→ Data extract:
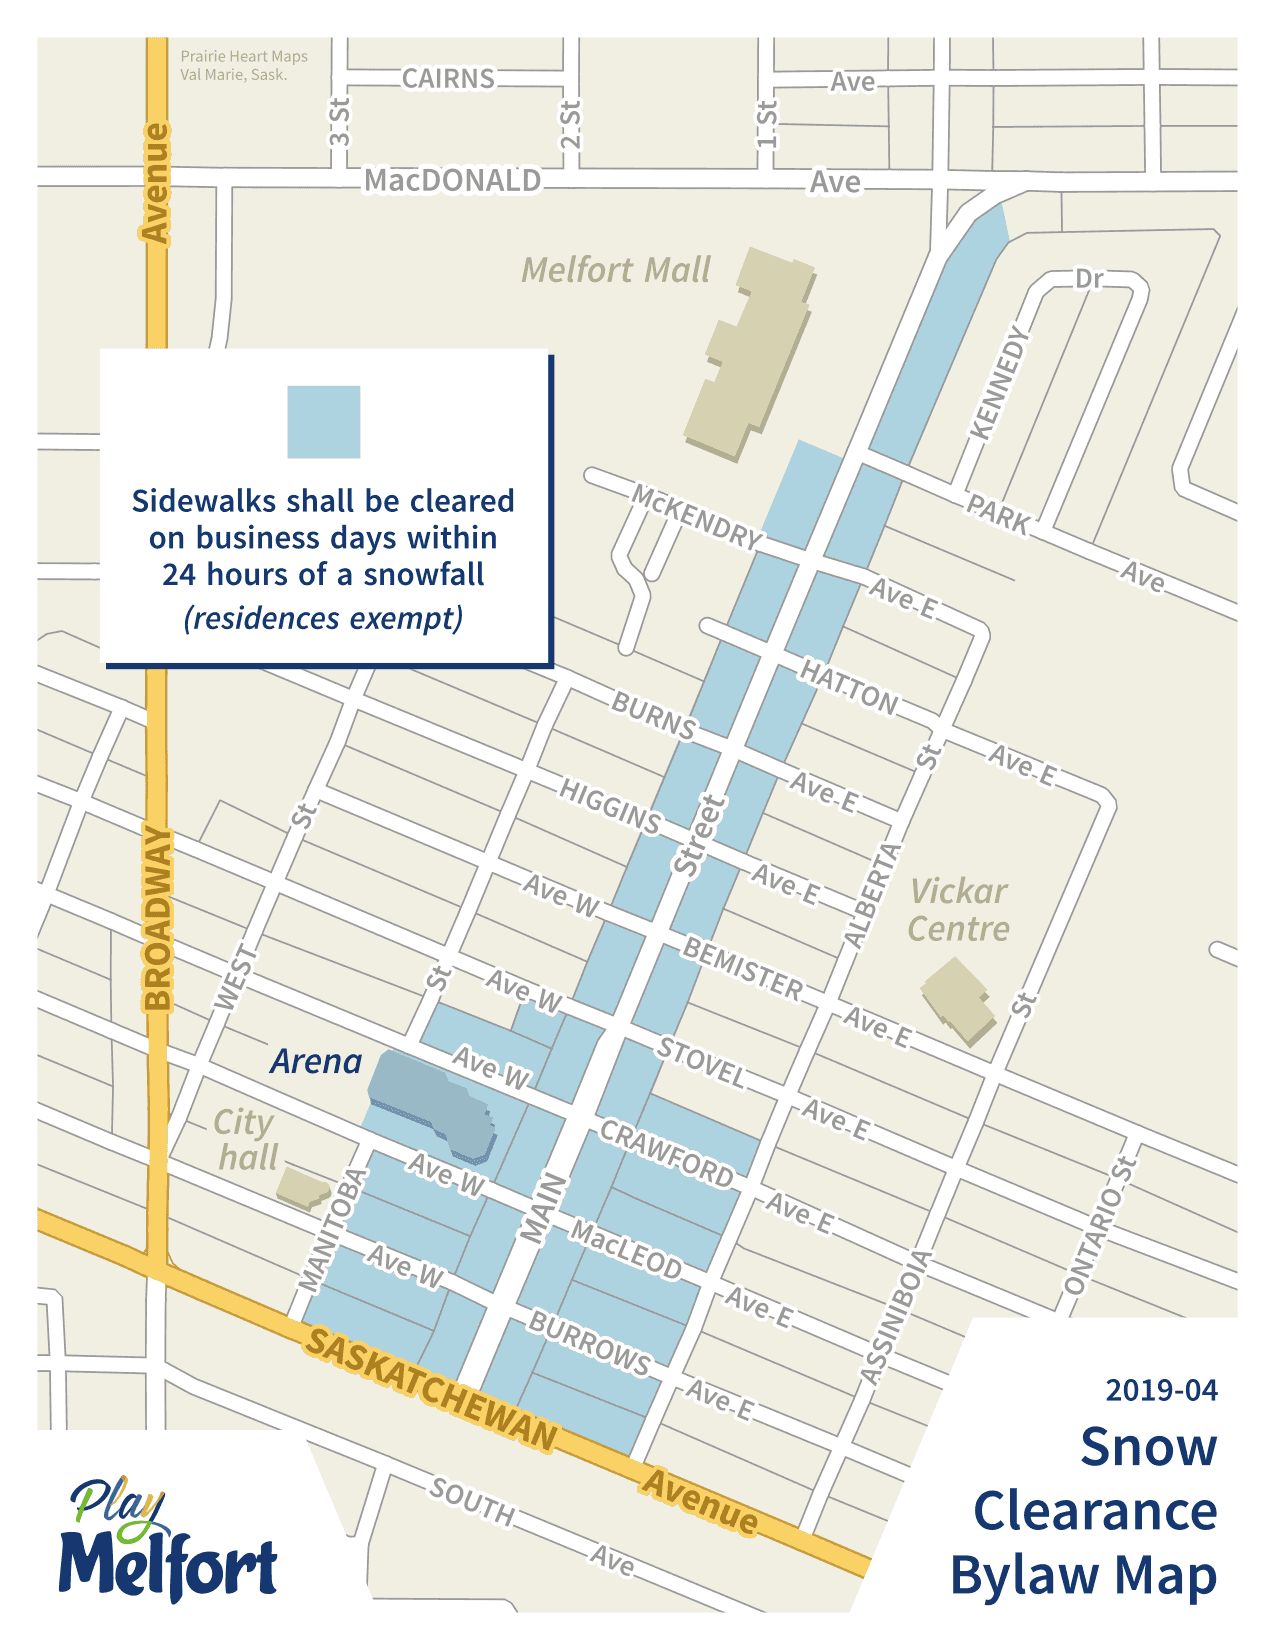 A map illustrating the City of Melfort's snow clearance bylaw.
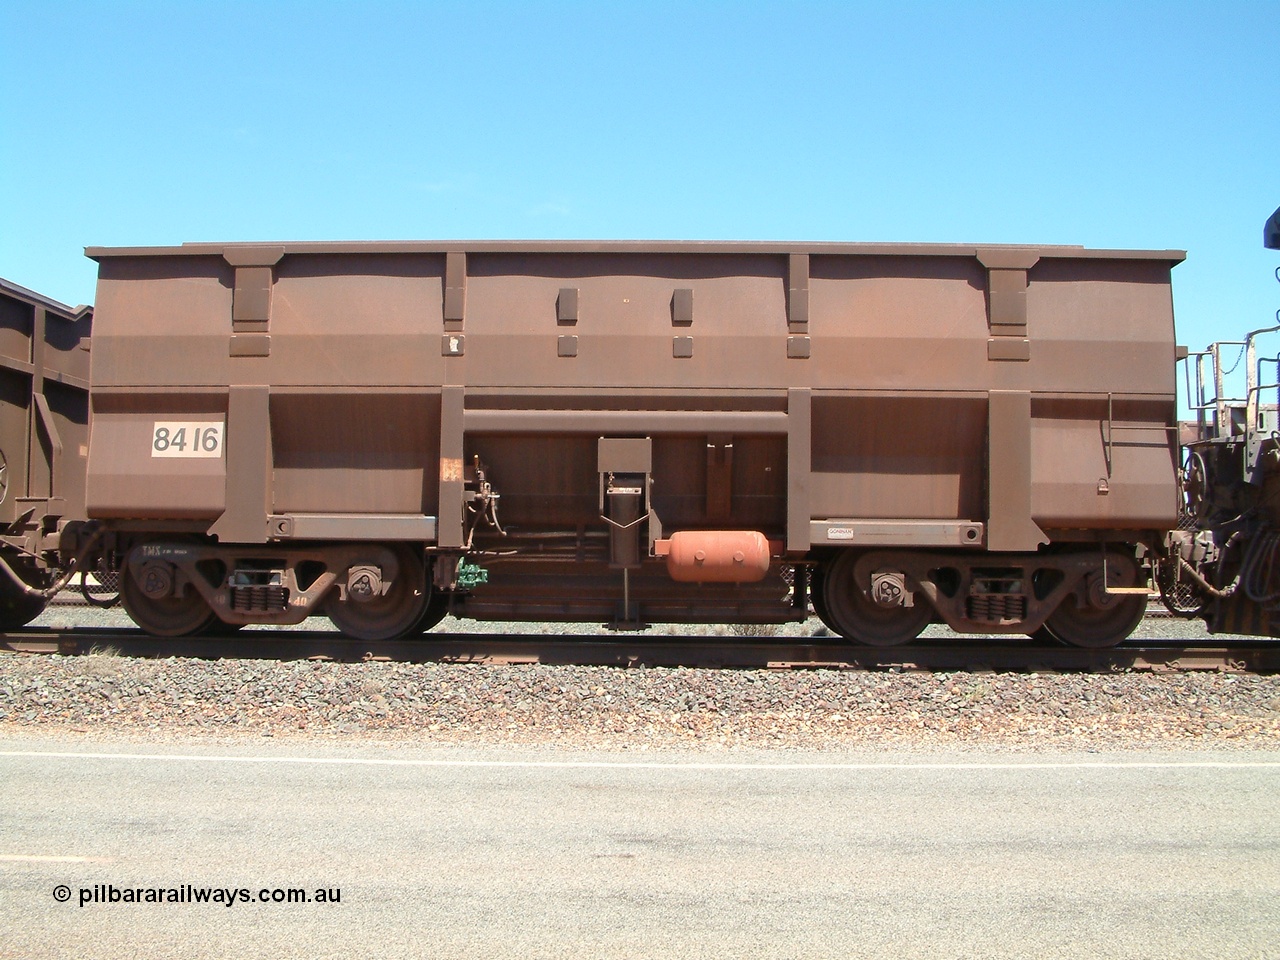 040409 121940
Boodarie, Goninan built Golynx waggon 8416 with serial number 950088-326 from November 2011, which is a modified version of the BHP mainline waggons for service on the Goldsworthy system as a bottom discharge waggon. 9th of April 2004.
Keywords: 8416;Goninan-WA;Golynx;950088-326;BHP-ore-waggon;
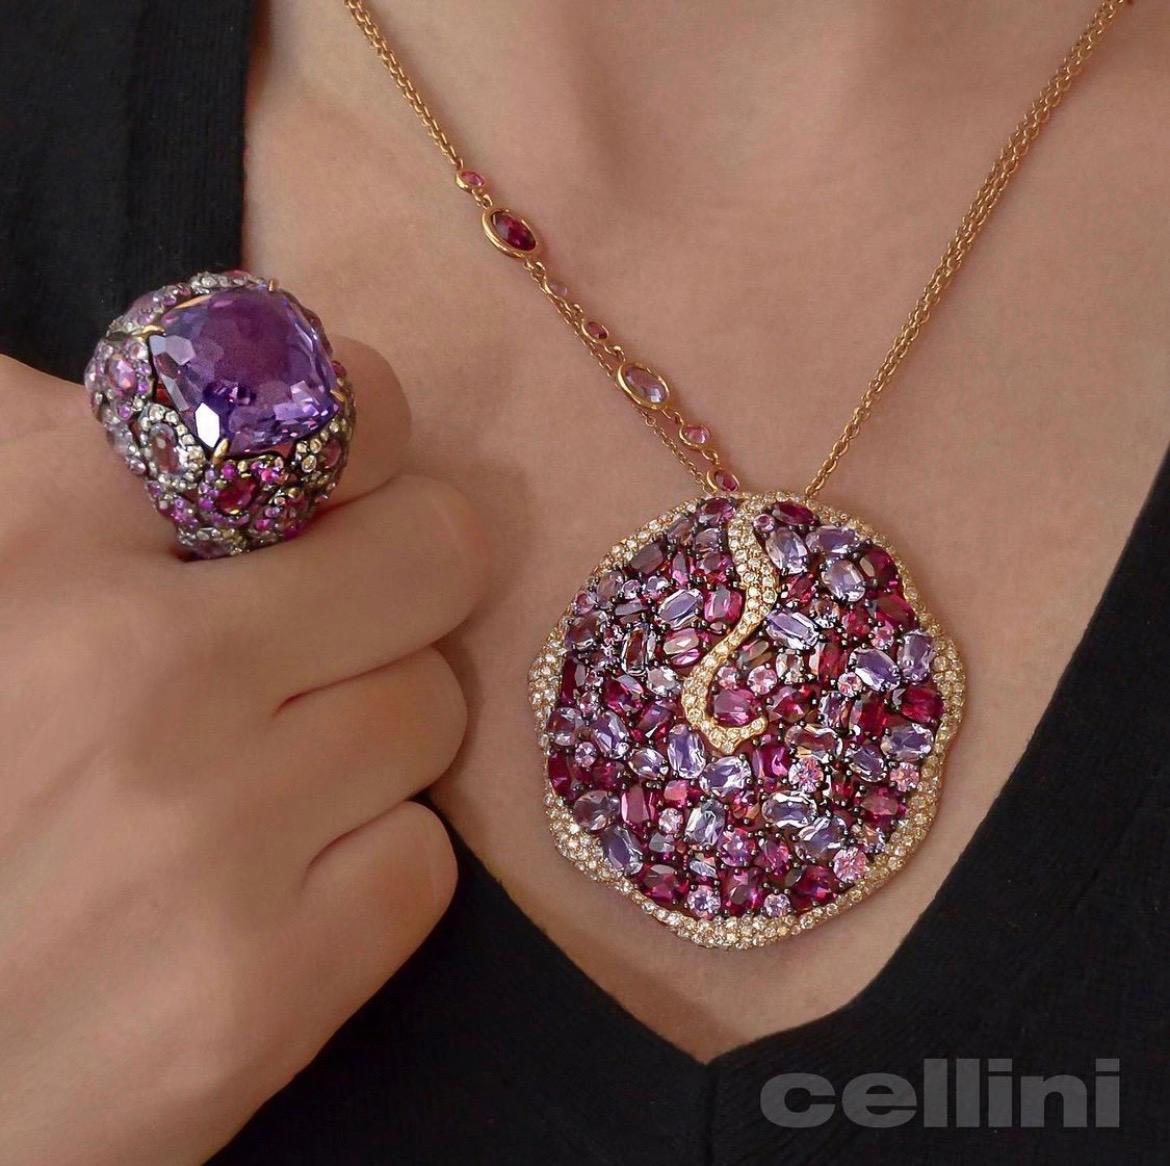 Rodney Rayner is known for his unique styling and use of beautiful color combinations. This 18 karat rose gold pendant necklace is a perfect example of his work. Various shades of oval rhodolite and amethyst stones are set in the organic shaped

* * *

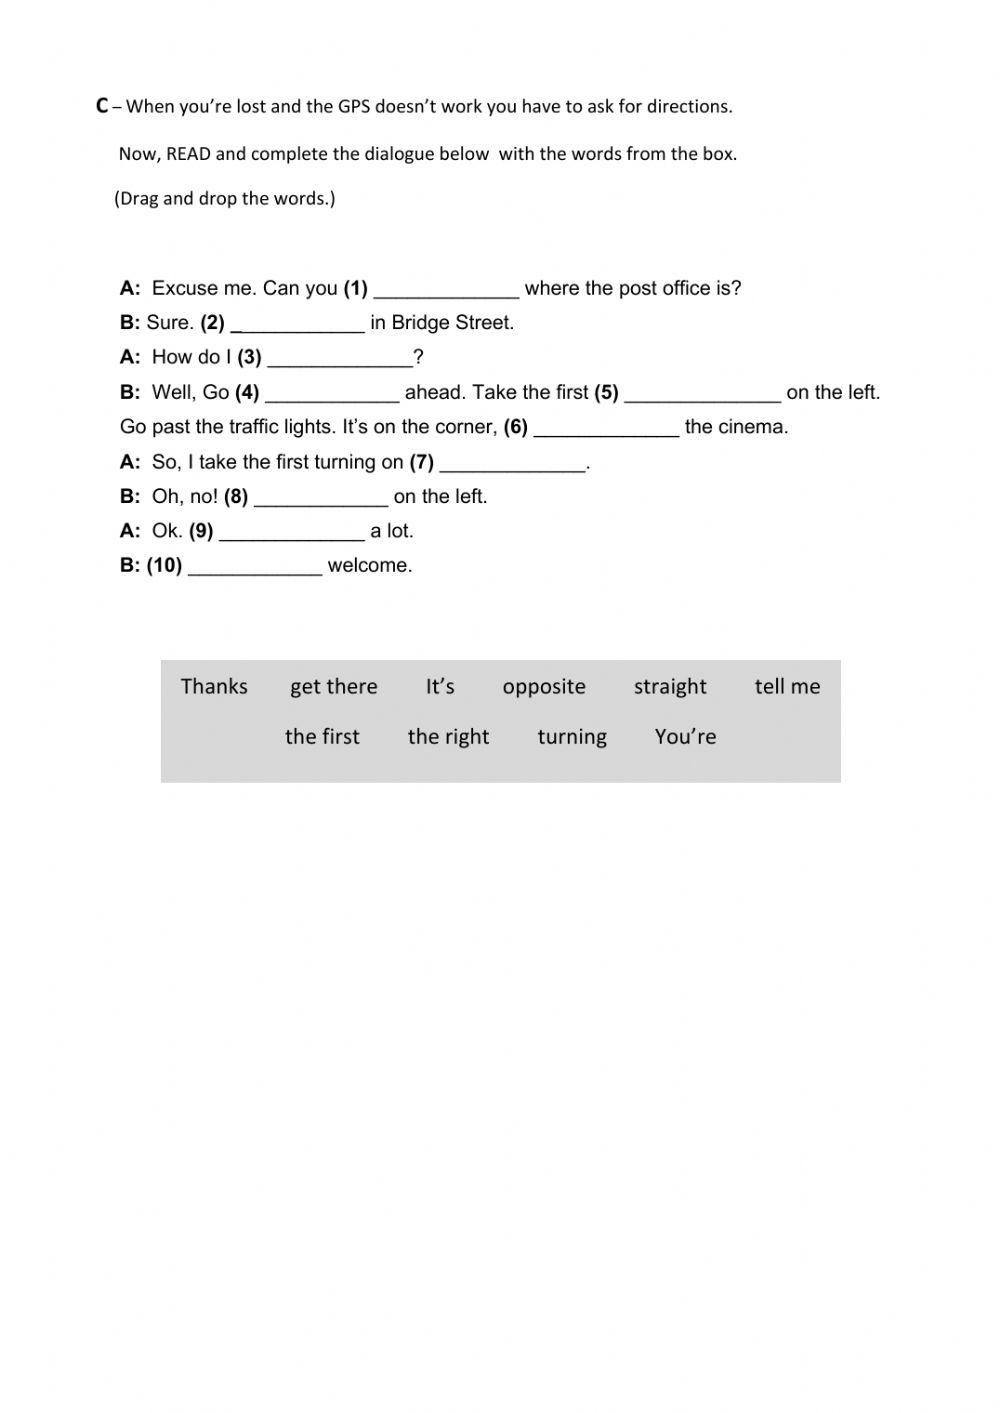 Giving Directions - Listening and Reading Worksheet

→ Requirement: Go through the records. Copy each line where "Goninan" appears.

→ Task result:
Boodarie, Goninan built Golynx waggon 8416 with serial number 950088-326 from November 2011, which is a modified version of the BHP mainline waggons for service on the Goldsworthy system as a bottom discharge waggon. 9th of April 2004.
Keywords: 8416;Goninan-WA;Golynx;950088-326;BHP-ore-waggon;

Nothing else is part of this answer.